> What you need to do
Repeat the listing word for word, but skip any pictures.

> Given material
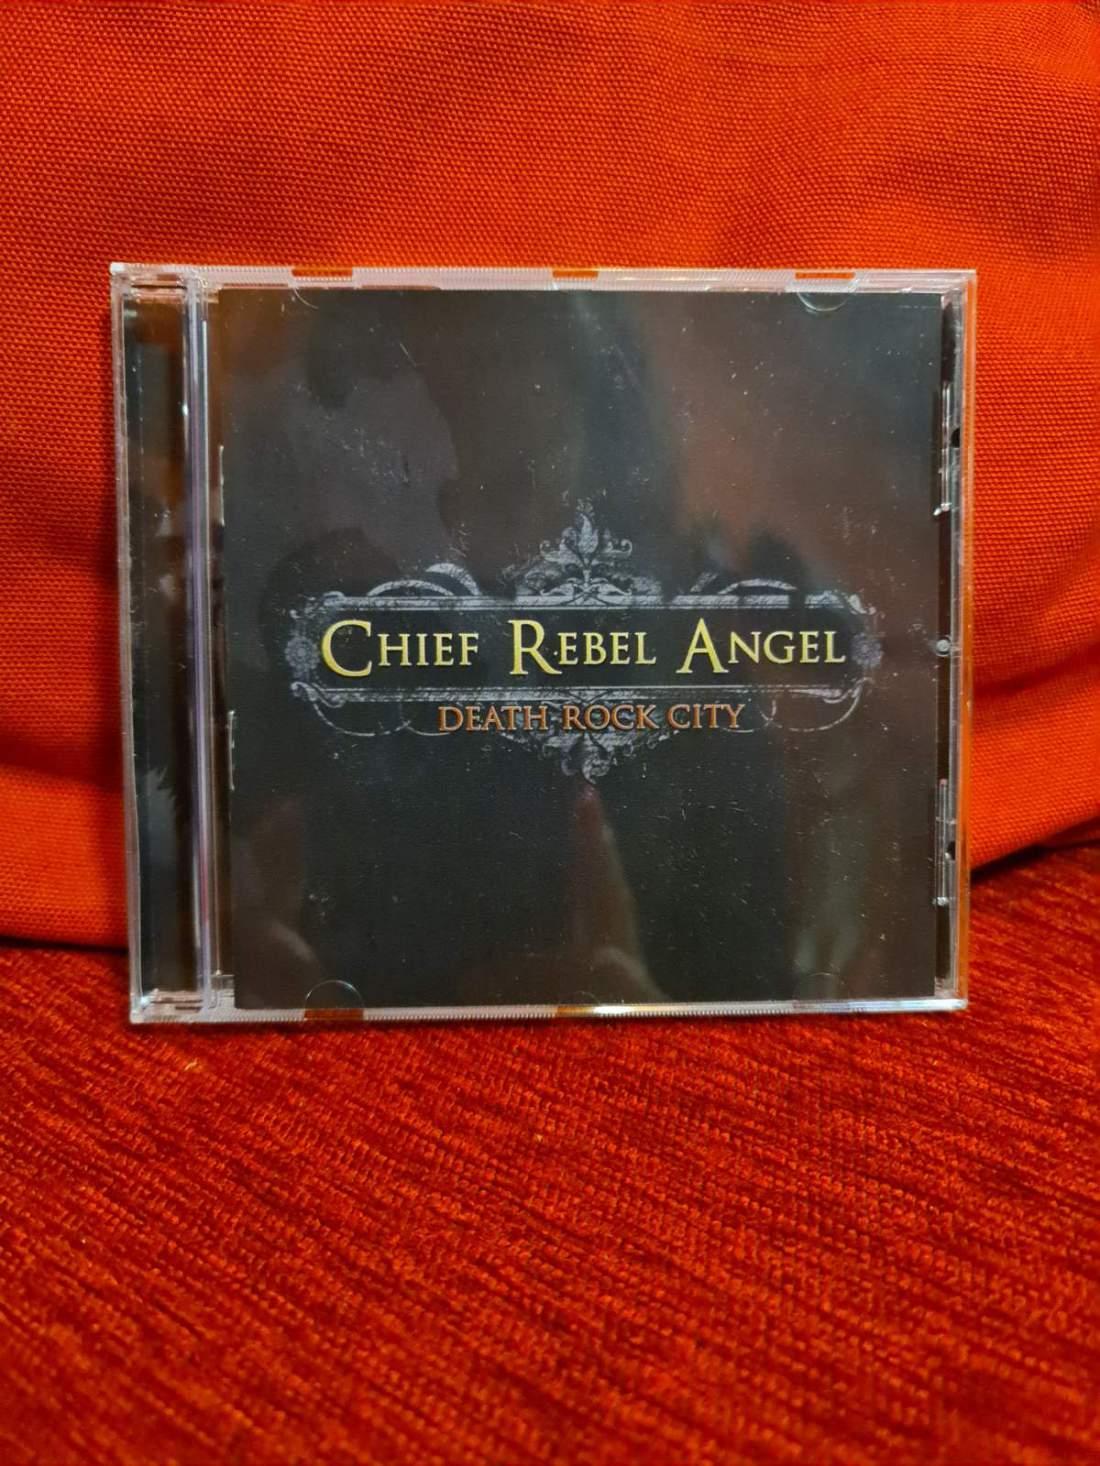 CHIEF REBEL ANGEL - DEATH ROCK CITY CD
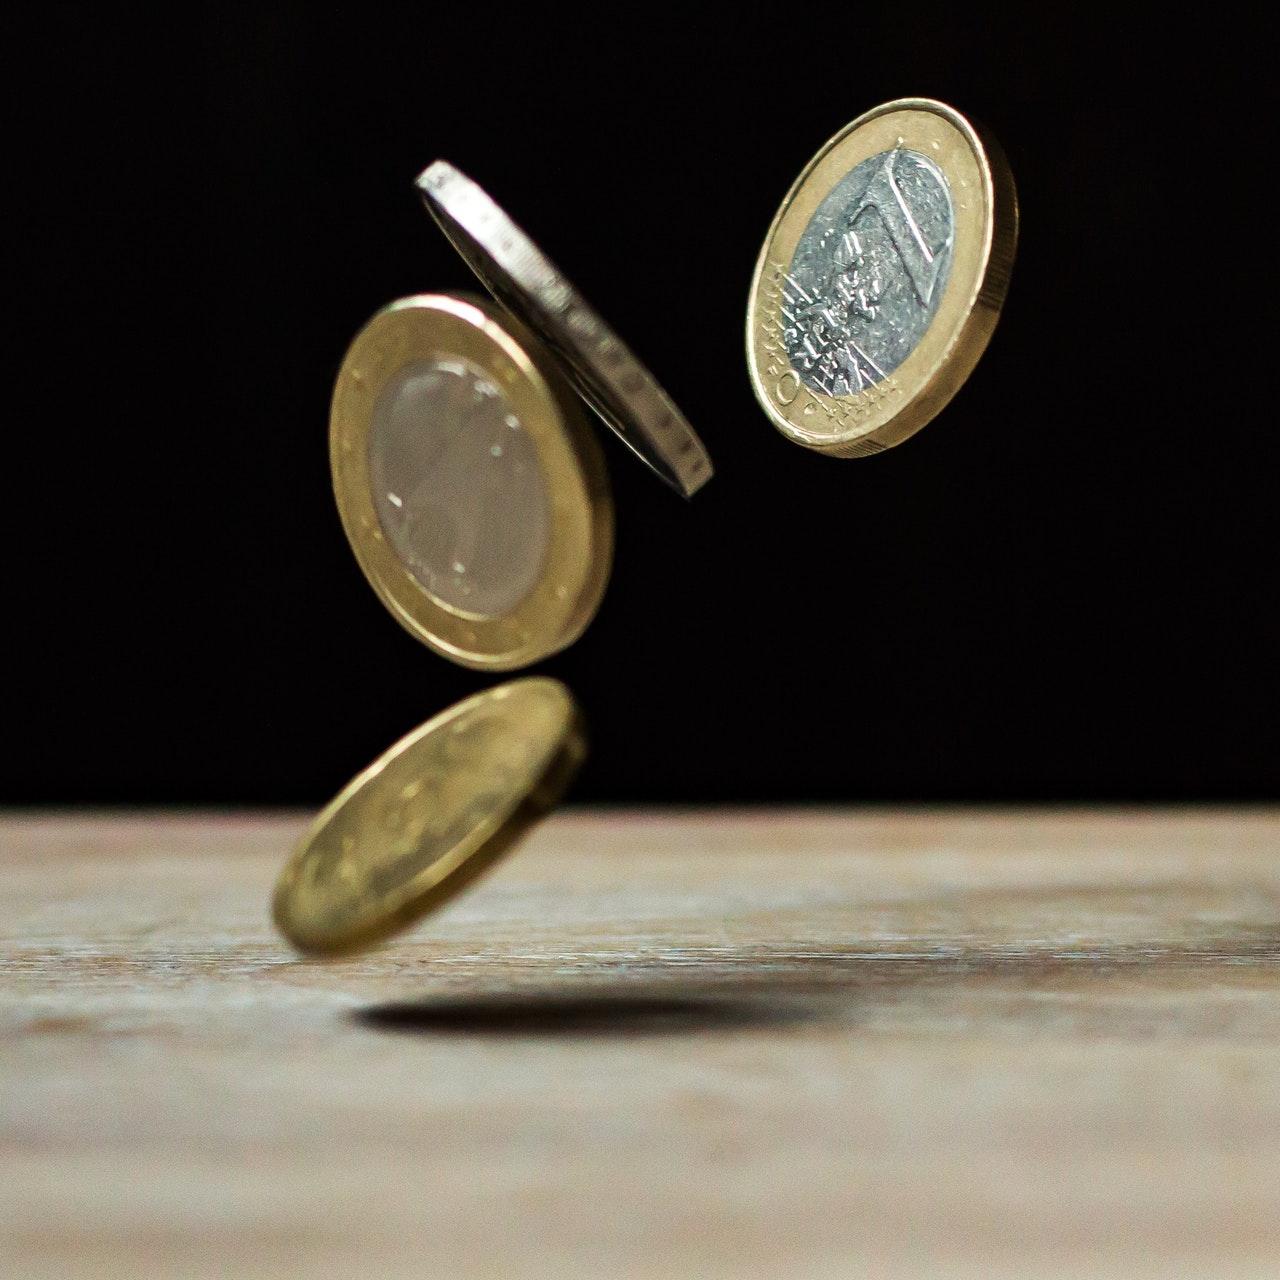 elake-elakejarjestelma-elo-yel-raha-yrittajat
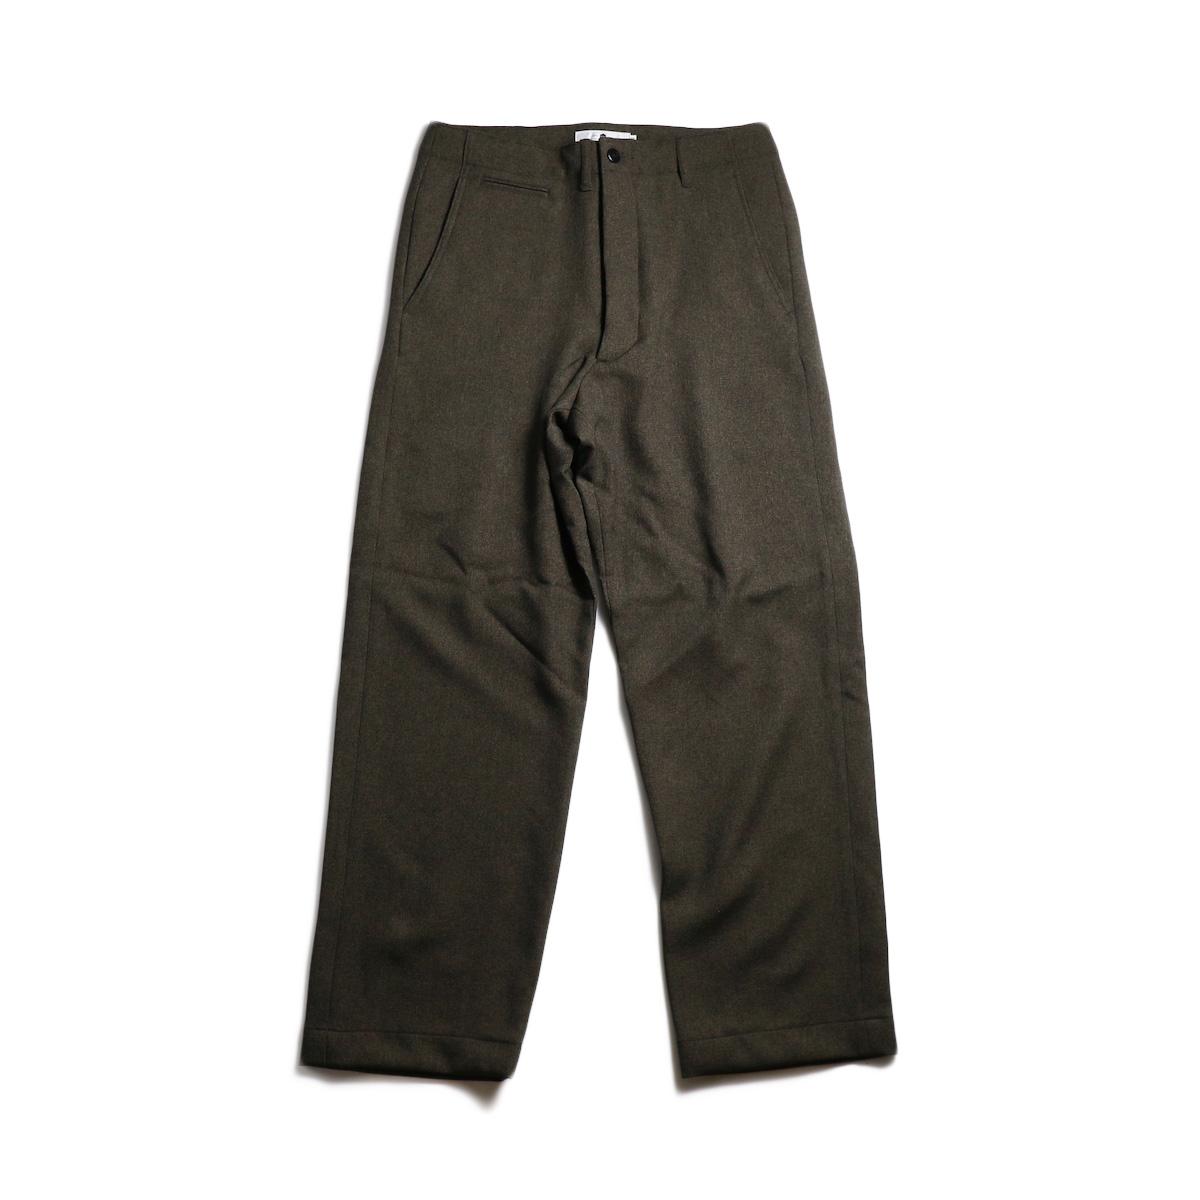 SGGM / M-17 Poly Trouser (Brown Mix)
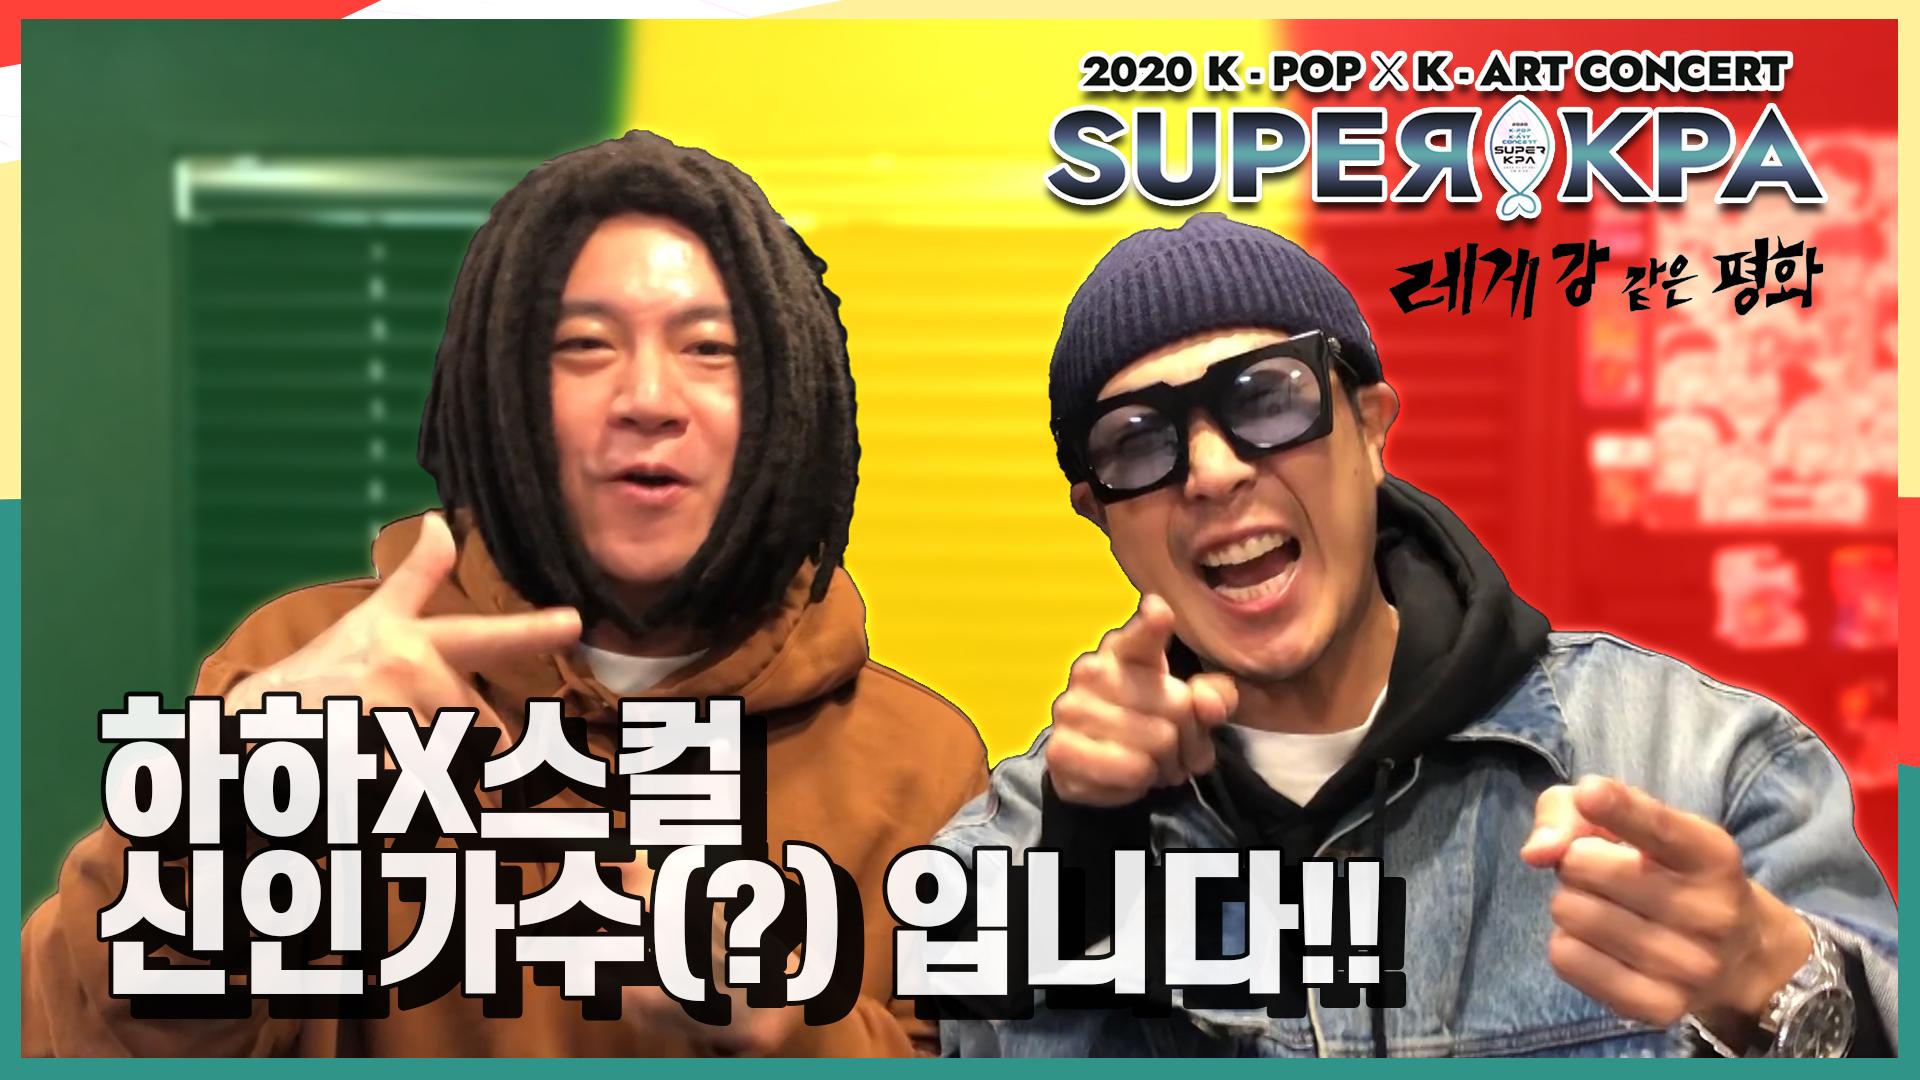 [Beyond LIVE - 2020 K-POP x K-ART CONCERT SUPER KPA] - 하하 X 스컬

> Expected answer
 CHIEF REBEL ANGEL - DEATH ROCK CITY CD
 elake-elakejarjestelma-elo-yel-raha-yrittajat
 SGGM / M-17 Poly Trouser (Brown Mix)
 [Beyond LIVE - 2020 K-POP x K-ART CONCERT SUPER KPA] - 하하 X 스컬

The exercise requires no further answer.